24 de mar. de 2015 - Por bruno

Foto: Divulgação
O envolvimento de empreiteiras na Operação Lavajato poderá respingar na concorrência pública para coleta de lixo de Natal. Com base em informações obtidas pela Polícia Federal no rumoroso caso de corrupção envolvendo empreiteiras, ex-diretores da Petrobras e representantes e operadores de partidos políticos, o Ministério Público Estadual passou a desconfiar da montagem de um cartel. OMP pediu, em agravo de instrumento, que o Tribunal de Justiça anule a decisão, adotada em primeira instância, que manteve a milionária concorrência pública promovida pela Urbana.
A suspeita principal é de que a contratação da Vital Engenharia, subsidiária da Queiroz Galvão, uma das empreiteiras implicadas na Operação Lavajato, passou a operar em Natal em razão da montagem de esquema de cartel. Diretores das duas empresas estão presos desde novembro na carceragem da Polícia Federal em Curitiba (PR). Reportagem do portal no ar informa que os depoimentos de Othon Zanoide de Morais Filho, da Vital Engenharia, e Ildefonso Colares, da Queiroz Galvão, ambos presos pela PF, confirmam a existência de cartel.

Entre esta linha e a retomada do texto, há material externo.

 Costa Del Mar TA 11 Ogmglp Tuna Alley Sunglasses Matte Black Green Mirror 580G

A Vital Engenharia, uma das vencedoras da licitação do lixo em Natal foi convidada pelo prefeito Carlos Eduardo Alves, no início de 2013, para assumir os serviços de coleta de lixo da capital. Antes disso, segundo a base de dados da Justiça Eleitoral, a Queiroz Galvão doou 1 milhão 900 mil reais ao PDT, partido do prefeito natalense. Um dos depósitos foi feito no dia 27 de setembro de 2012, no valor de 1 milhão de reais. No dia seguinte, o diretório nacional do PDT repassou 400 mil reais à campanha de Carlos Eduardo.

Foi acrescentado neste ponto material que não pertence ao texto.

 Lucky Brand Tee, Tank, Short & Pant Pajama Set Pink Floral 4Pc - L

A polêmica licitação pública realizada pela Urbana contou somente com duas empresas, a Vital Engenharia e a Marquise. O Tribunal de Contas do Estado chegou a paralisar a concorrência para investigar indícios de superfaturamento e combinação de valores entre as licitantes.
Com o agravo de instrumento interposto pelo Ministério Público, caberá ao desembargador João Batista Rebouças a decisão de acatar ou mão os argumentos que colocam a licitação sob suspeita. Os contratos com a Vital Engenharia e a Marquise estão em vigor desde março do ano passado.